| TASK TO COMPLETE |
Among the entries below, extract exactly the lines that run from the one with "Taille de l'anneau : 6.75" through the one with "Cette bague d'éternité", both ends included.

| TASK INPUT |

[Start of section]

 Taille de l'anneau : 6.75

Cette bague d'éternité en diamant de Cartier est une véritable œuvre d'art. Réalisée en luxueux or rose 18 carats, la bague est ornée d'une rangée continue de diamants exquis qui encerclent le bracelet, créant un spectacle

[End of section]
[Start of section]

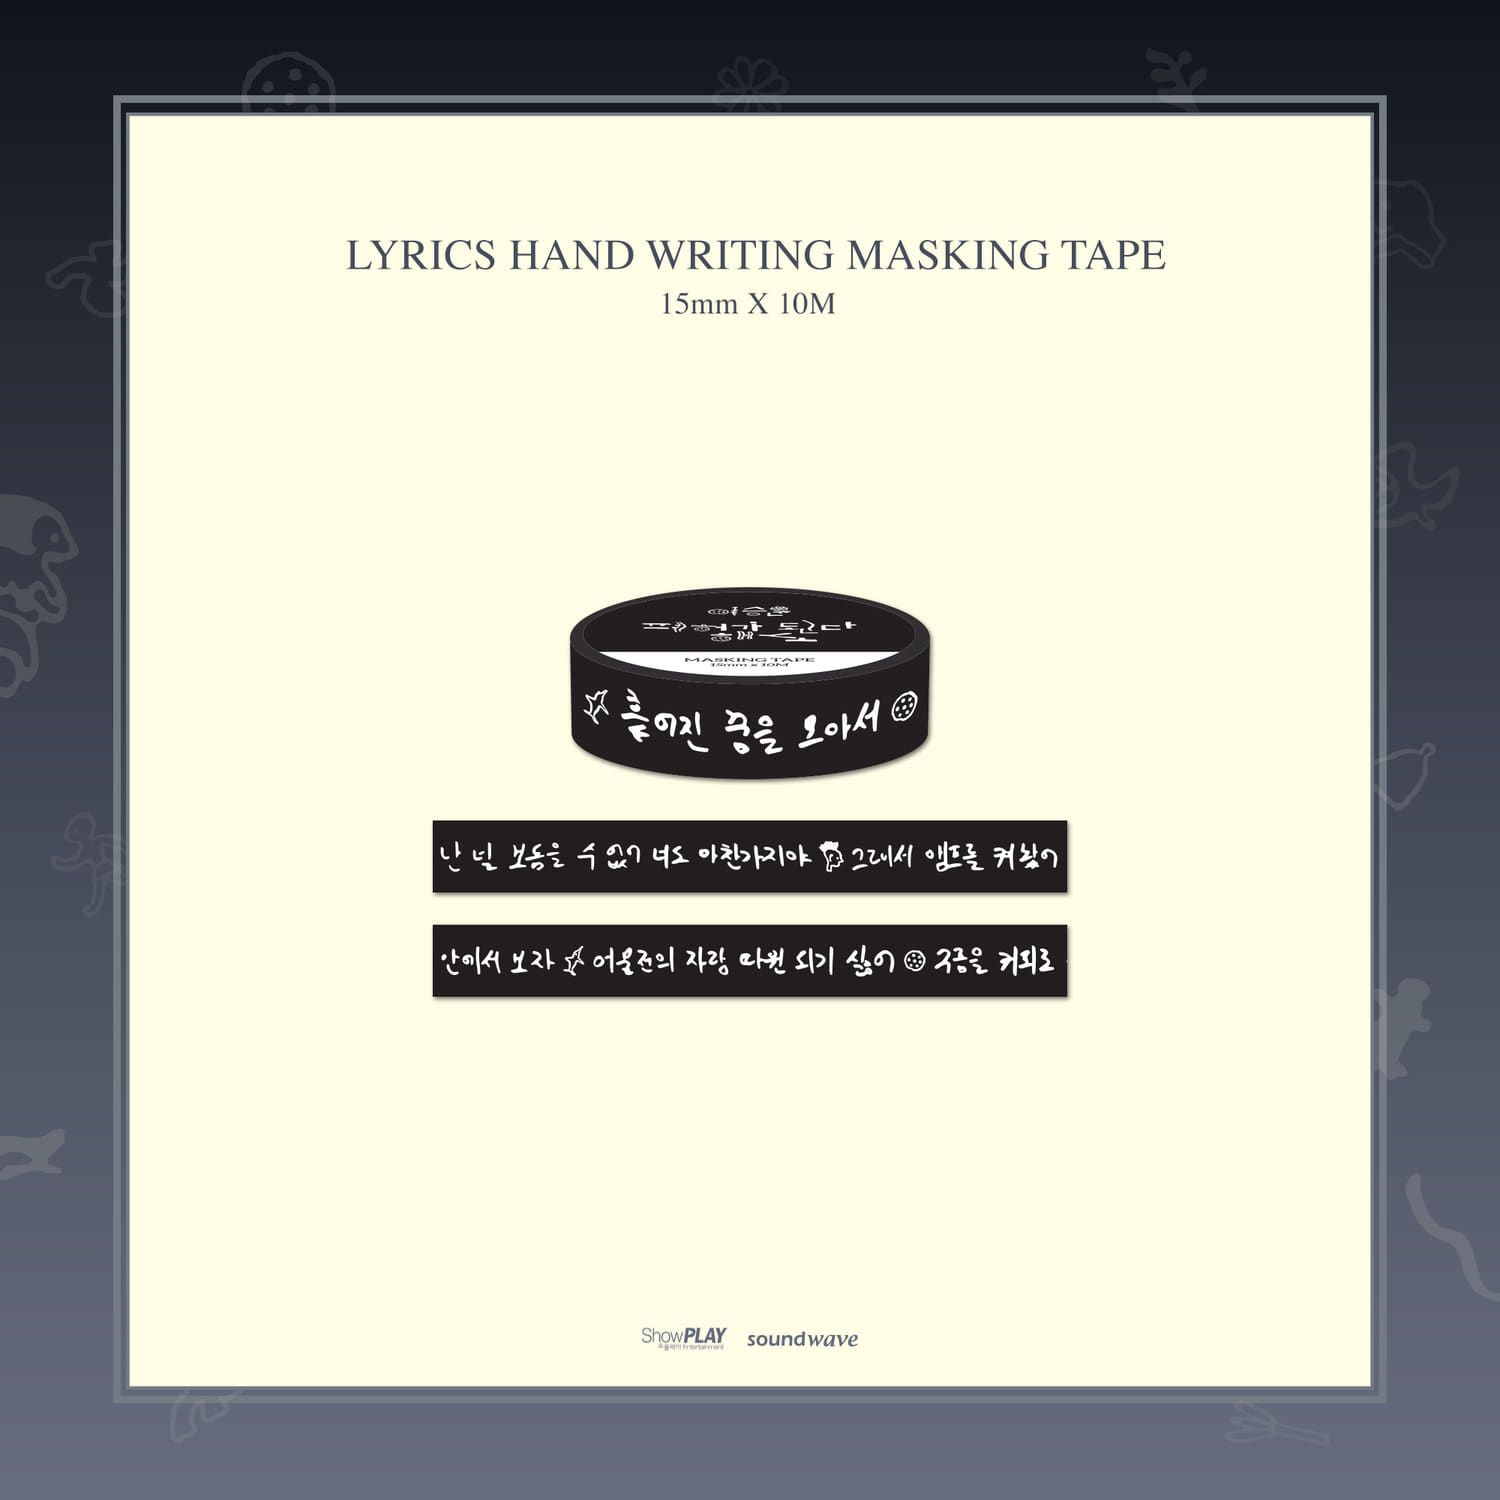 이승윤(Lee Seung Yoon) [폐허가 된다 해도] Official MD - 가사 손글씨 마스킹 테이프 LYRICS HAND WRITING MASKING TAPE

[End of section]

| RESULT OF THE EXERCISE |
 Taille de l'anneau : 6.75

Cette bague d'éternité en diamant de Cartier est une véritable œuvre d'art. Réalisée en luxueux or rose 18 carats, la bague est ornée d'une rangée continue de diamants exquis qui encerclent le bracelet, créant un spectacle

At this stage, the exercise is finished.